The two opposite vertices of a square are (-1, 2) and (3, 2). Find the coordinates of the other two vertices.

Let ABCD is a square where two opposite vertices are A(-1, 2) and C(3, 2). Let B(x, y) and D(x1, y1) be the other two vertices.

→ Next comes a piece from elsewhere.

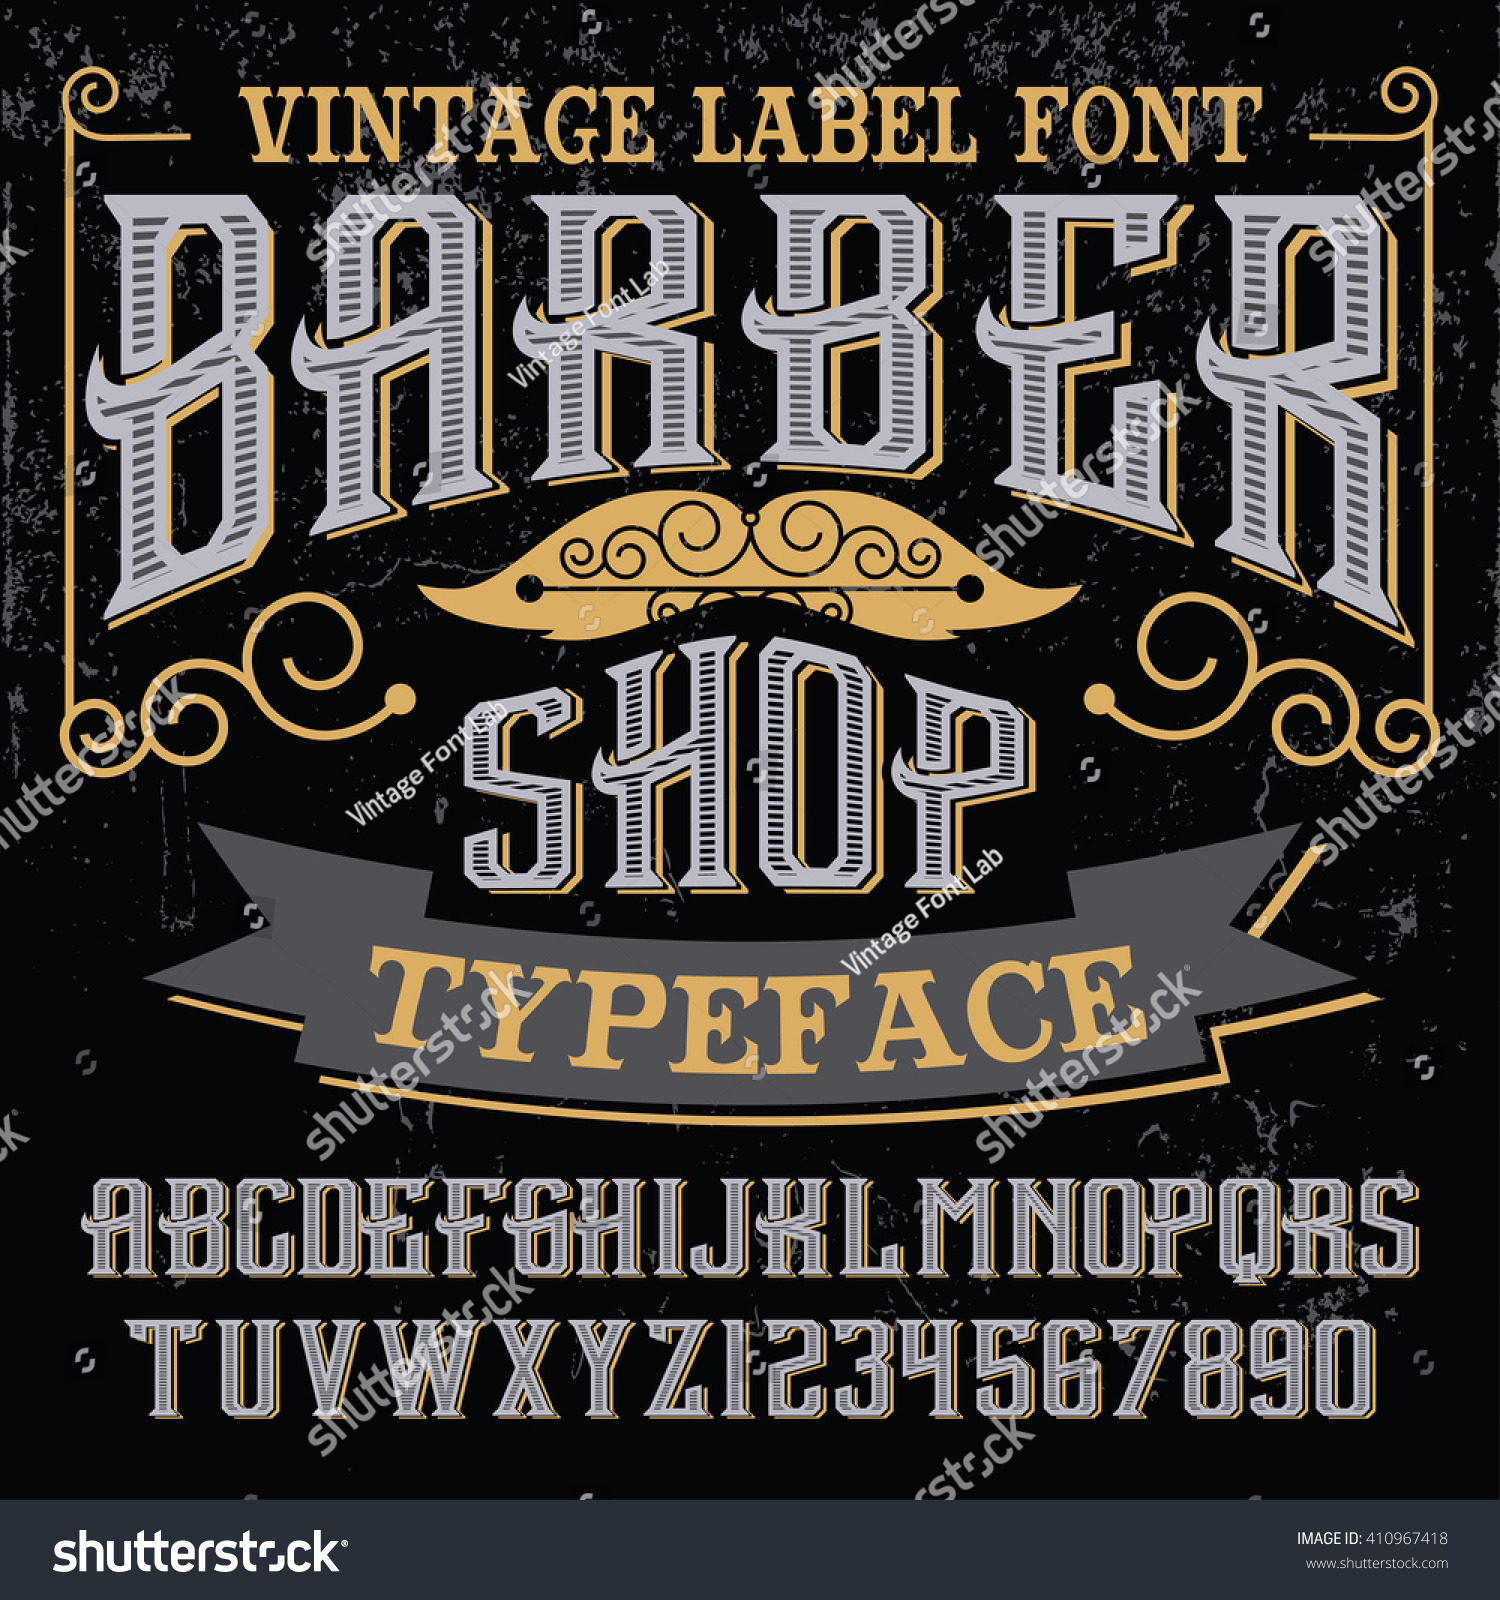 Download Vintage Label Font - Barber Shop - Vector Font, Vintage Label Font - 410967418 : Shutterstock

In Square ABCD, AB = BC = CD = DA
Hence AB = BC ⇒ √(x + 1)² + (y - 2)² = √(3 - x)² + (2 - y)² [by distance formula]
Squaring both sides ⇒ (x + 1)² + (y - 2)² = (3 - x)² + (2 - y)²
⇒ x² + 2x + 1 + y² + 4 - 4y = 9 + x² - 6x + 4 + y² - 4y
⇒ 2x + 5 = 13 - 6x
⇒ 2x + 6x = 13 - 5
⇒ 8x = 8
⇒ x = 1
In △ABC, ∠B = 90° [all angles of square are 90°]
Then according to the Pythagorean theorem
AB² + BC² = AC²
As AB = BC ∴ 2AB² = AC²
⇒ 2(√(x + 1)² + (y - 2)²)² = (√(3 - (-1))² + (2 - 2)²)²
⇒ 2((x + 1)² + (y - 2)²) = (3 + 1)² + (2 - 2)²
⇒ 2(x² + 2x + 1 + y² + 4 - 4y) = (4)²
Put the value of x = 1
⇒ 2(1 + 2 × 1 + 1 + y² + 4 - 4y) = 16
⇒ 2(y² - 4y + 8) = 16
⇒ 2y² - 8y + 16 = 16
⇒ 2y² - 8y = 0
⇒ 2y(y - 4) = 0
⇒ (y - 4) = 0
Hence y = 0 or 4.
As diagonals of a square are equal in length and bisect each other at 90°
Let P is the midpoint of AC ∴ Co-ordinates of P = ( (3 - 1)/2, (2 + 2)/2 ) = (1, 2)
P is also the midpoint of BD then co-ordinates of mid-point of BD = co-ordinates of P
⇒ (x1, y1) = 1, 2 ∴ x1 = 1, y1 = 2
Then other two vertices of square ABCD are (1, 0) or (1, 4) and (1, 2).